Following Cole's success, rival record companies released cover versions of "Nature Boy" by other artists including Frank Sinatra and Sarah Vaughan, which were also successful. It ultimately became a pop and jazz standard, with many artists interpreting the song, including Tony Bennett and Lady Gaga, who recorded it for their collaborative album Cheek to Cheek (2014). It was also used in numerous films like The Boy with Green Hair (1948) Untamed Heart (1993), which uses Nat King Cole version and Roger William's piano version, The Talented Mr. Ripley (1999), the 2001 musical Moulin Rouge!, for which singer David Bowie recorded a version, and in the television series Resident Alien.

== Background and development ==
In 1941, a 33-year-old George McGrew arrived in Los Angeles and began playing piano in the Eutropheon, a small health food store and raw food restaurant on Laurel Canyon Boulevard. The café was owned by John and Vera Richter, who followed a Naturmensch (nature person) and Lebensreform (life reform) philosophy influenced by the Wandervogel (Wandering Bird) movement in Germany. Their followers, known as "Nature Boys", wore long hair and beards and ate only raw fruits and vegetables. McGrew adopted the philosophy and chose the name "eden ahbez", writing and spelling his name with lower-case letters. It was there, while living in a cave near Palm Springs, that ahbez wrote "Nature Boy". Partly autobiographical, the song was a tribute to his mentor Bill Pester, who had originally introduced him to Naturmensch and Lebensreform.

In 1947, at the prompting of Cowboy Jack Patton and Johnny Mercer, ahbez approached Nat King Cole's manager backstage at the Lincoln Theater in Los Angeles, handed him a tattered copy of "Nature Boy", and asked him to show it to Cole. However, his pleas were ignored and a disappointed ahbez left the sheet music of "Nature Boy" with Cole's valet, Otis Pollard. From him, Cole learned of the song and loved it. Cole began playing "Nature Boy" for live audiences, and received much acclaim. Irving Berlin, who was present during one of the performances, offered to buy the track from Cole, but Cole decided to record it himself. He needed permission from ahbez, however, before releasing it as a single, but he was unable to find the songwriter since ahbez had disappeared without providing any contact details. After ahbez was discovered living under the Hollywood Sign, Cole got his permission.
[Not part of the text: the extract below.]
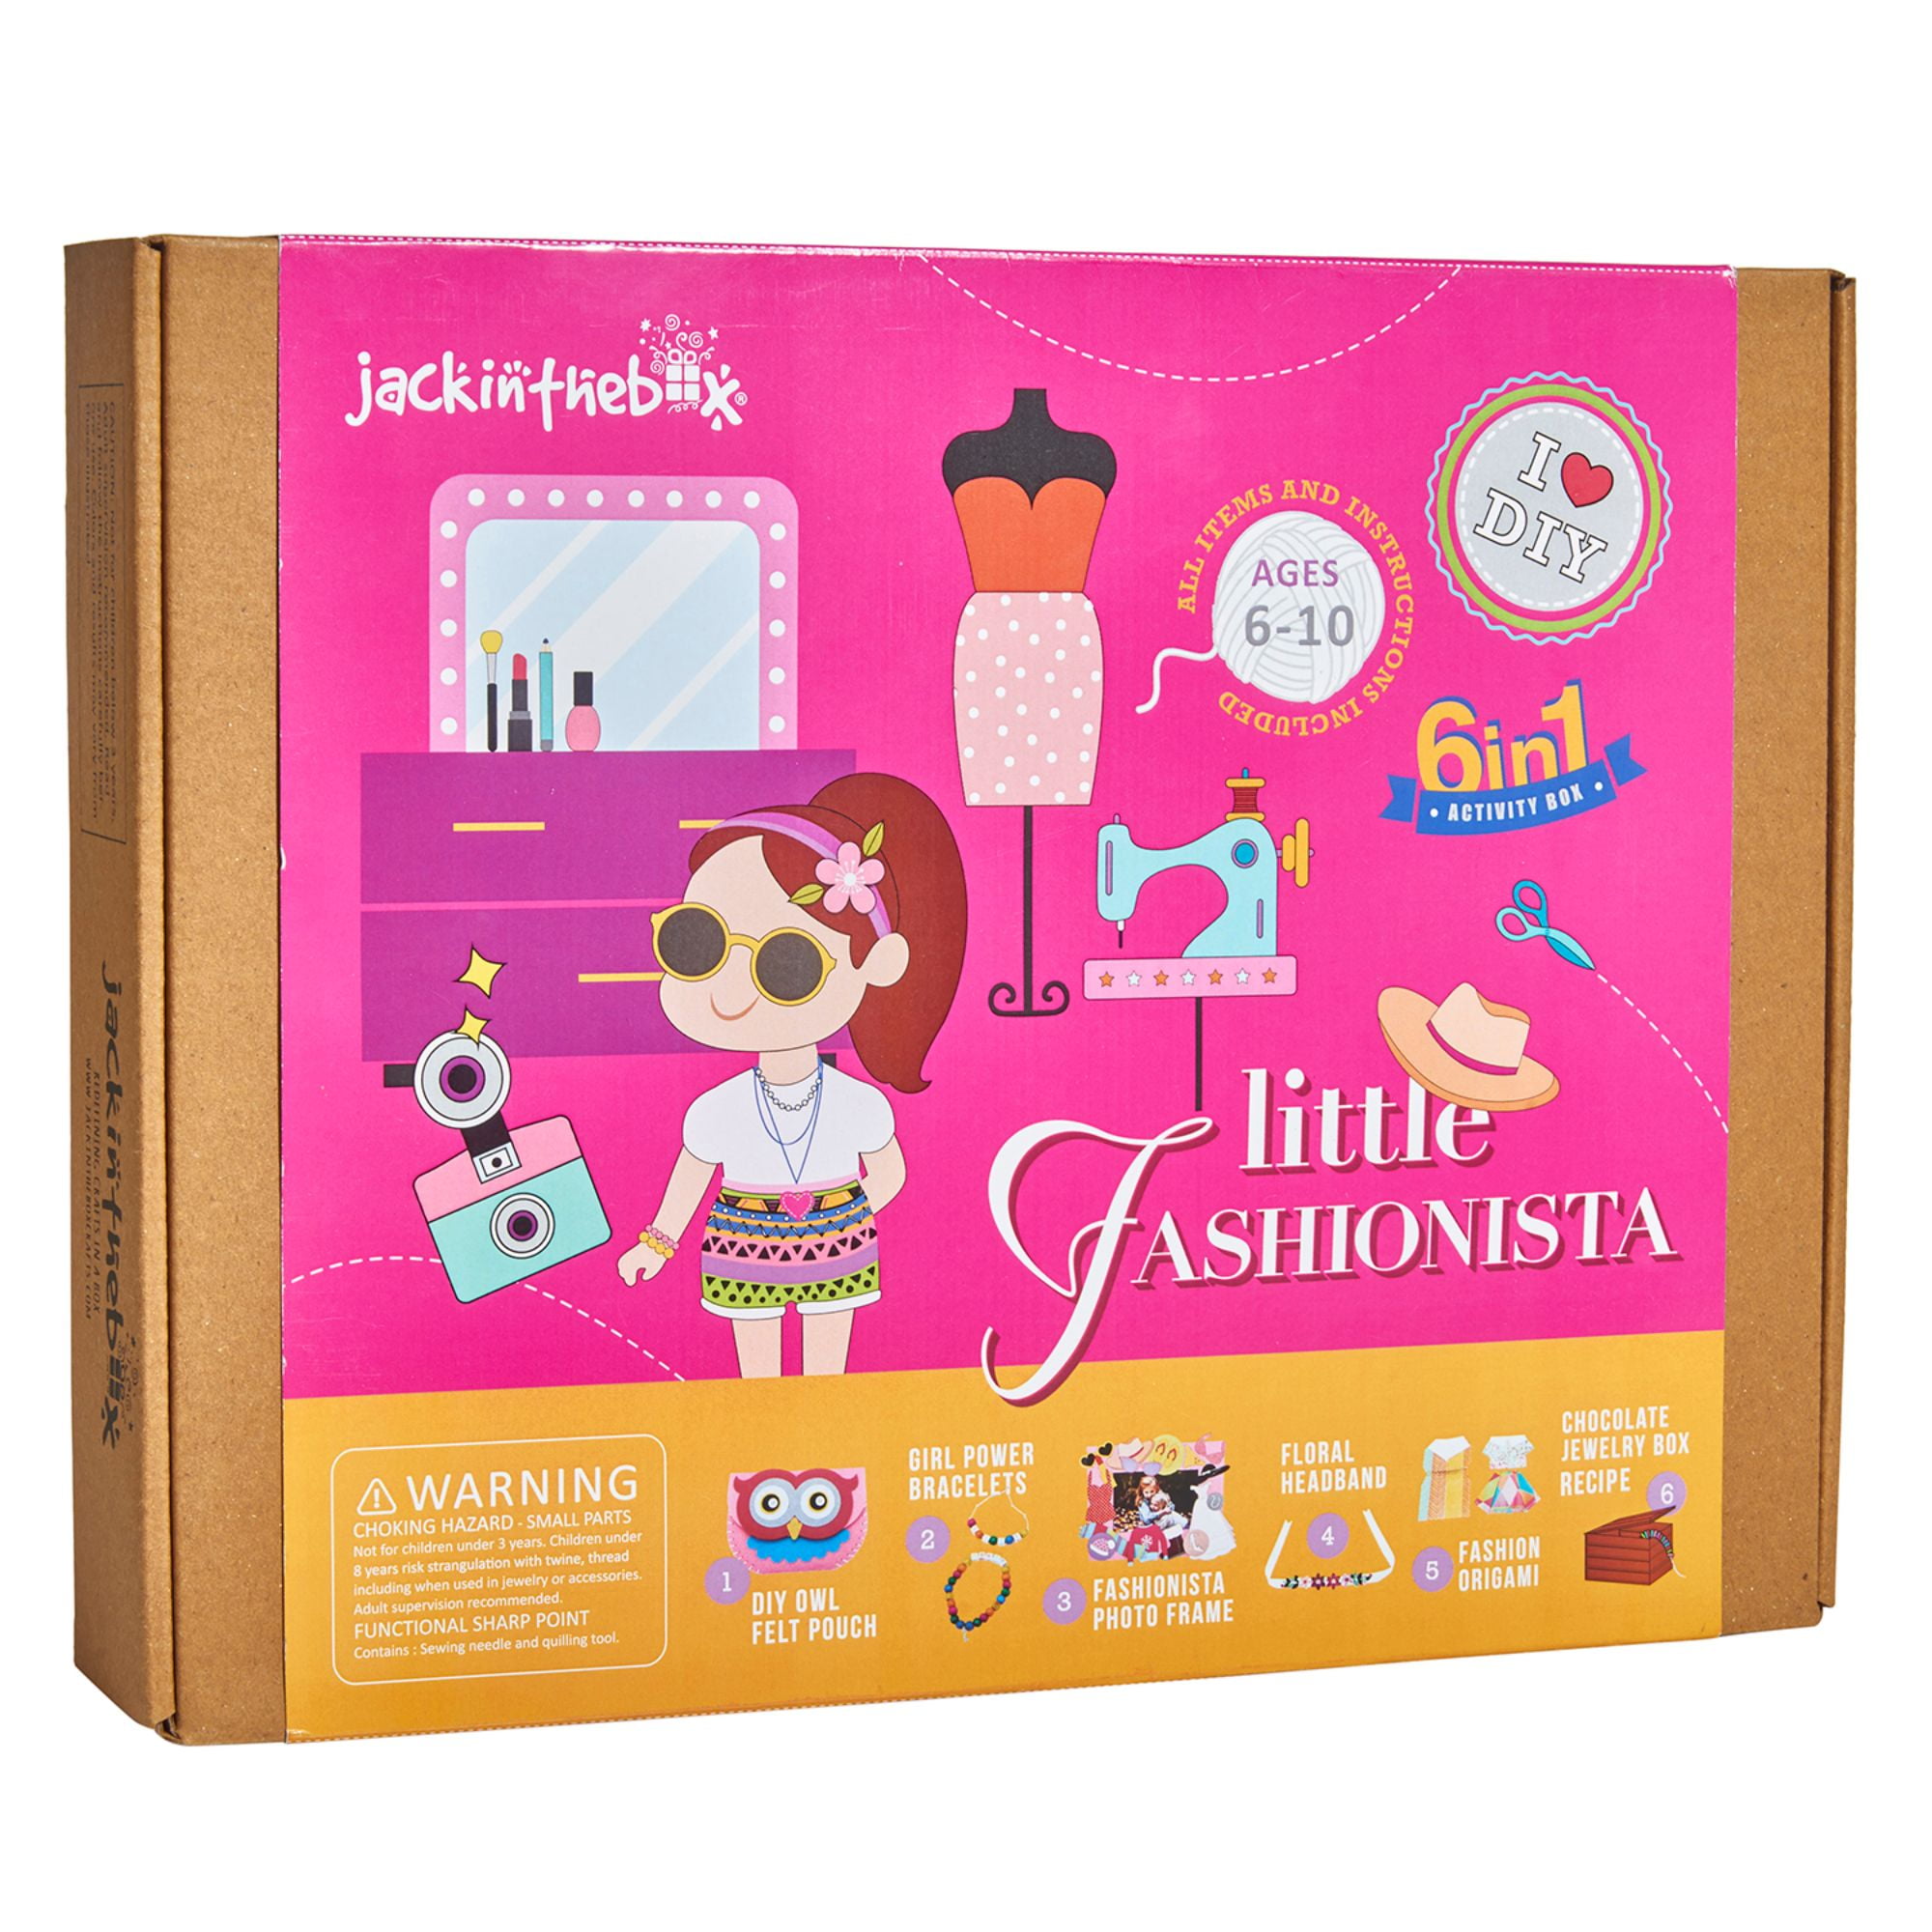 Jackinthebox Princess 3 in 1 Craft Kit for Girls Gift 5 Years up Contains a Cape for sale online 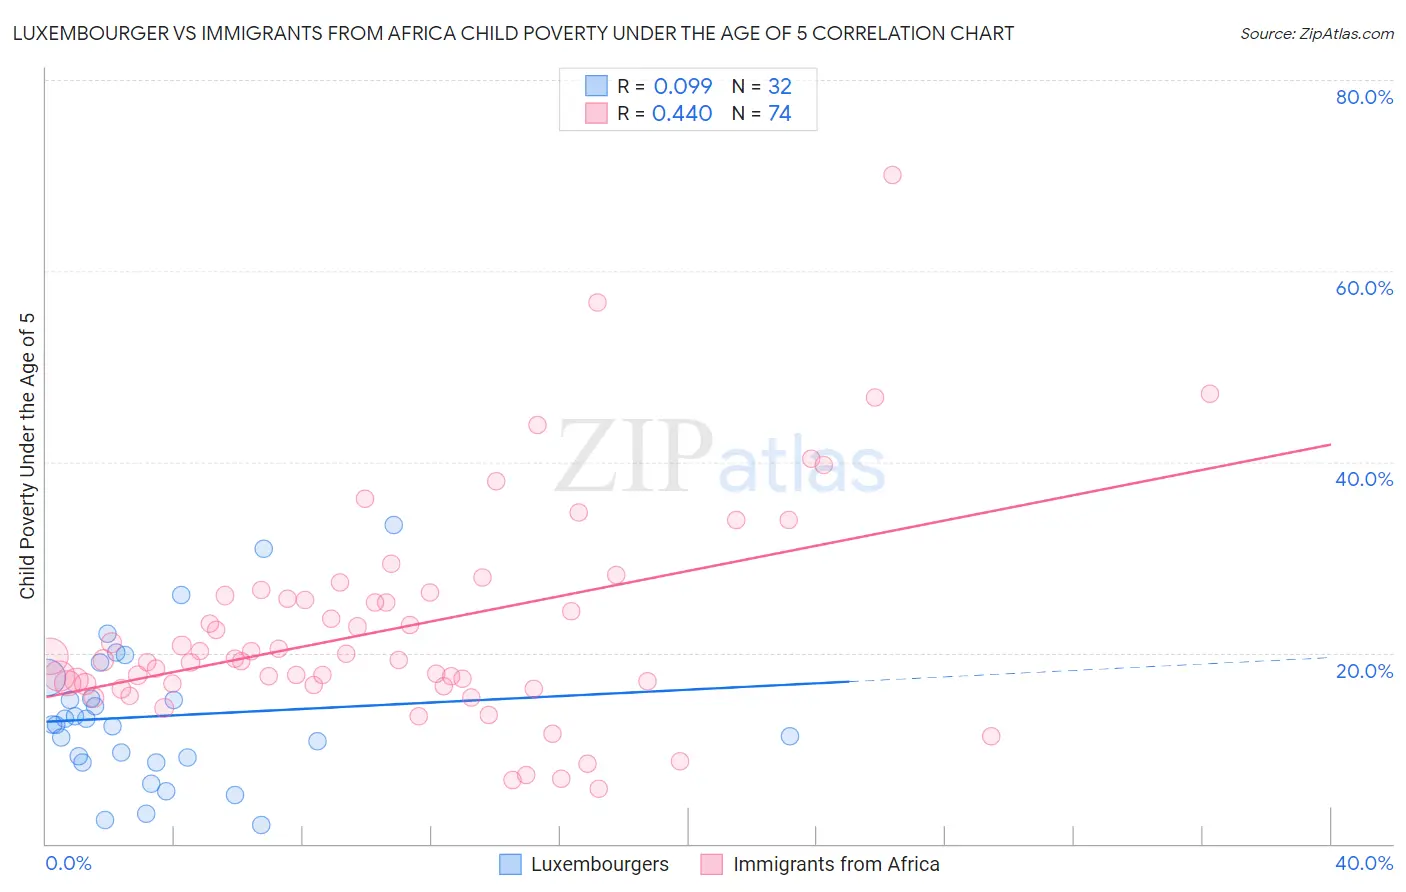 Luxembourger vs Immigrants from Africa Child Poverty Under the Age of 5

== Recording and composition ==

Cole's recording, which took place on August 22, 1947, featured an orchestra conducted by Frank De Vol—the in-house arranger of Capitol Records. He used strings and flute as instrumentation in the song, to capture the "enchanting" vibe of the track. The first two measures of the song's melody parallel the melody of the second movement in composer Antonín Dvořák's Piano Quintet No. 2 (1887). Written as a pop ballad, "Nature Boy" follows an "A,B" format, with the primary three notes descending on a minor triad above the pickup note.

An ascending line over the diminished ii chord returns to the initial minor triad. The song's melody is built around a simple, descending pattern in the key of D minor, creating a haunting and reflective mood. Its harmonic structure frequently uses the standard ii–V–I progression, supporting the melody's emotional depth. The second 4-bar section featured a chromatic descending line based on the lowering of the tonic (Dm–Dm_{maj7}–Dm_{7}–Dm_{6}). The same descending line then continues through Gm_{6}–Dm, then finally ending with a whole-step down to the G in the chord Em_{7}♭_{5}.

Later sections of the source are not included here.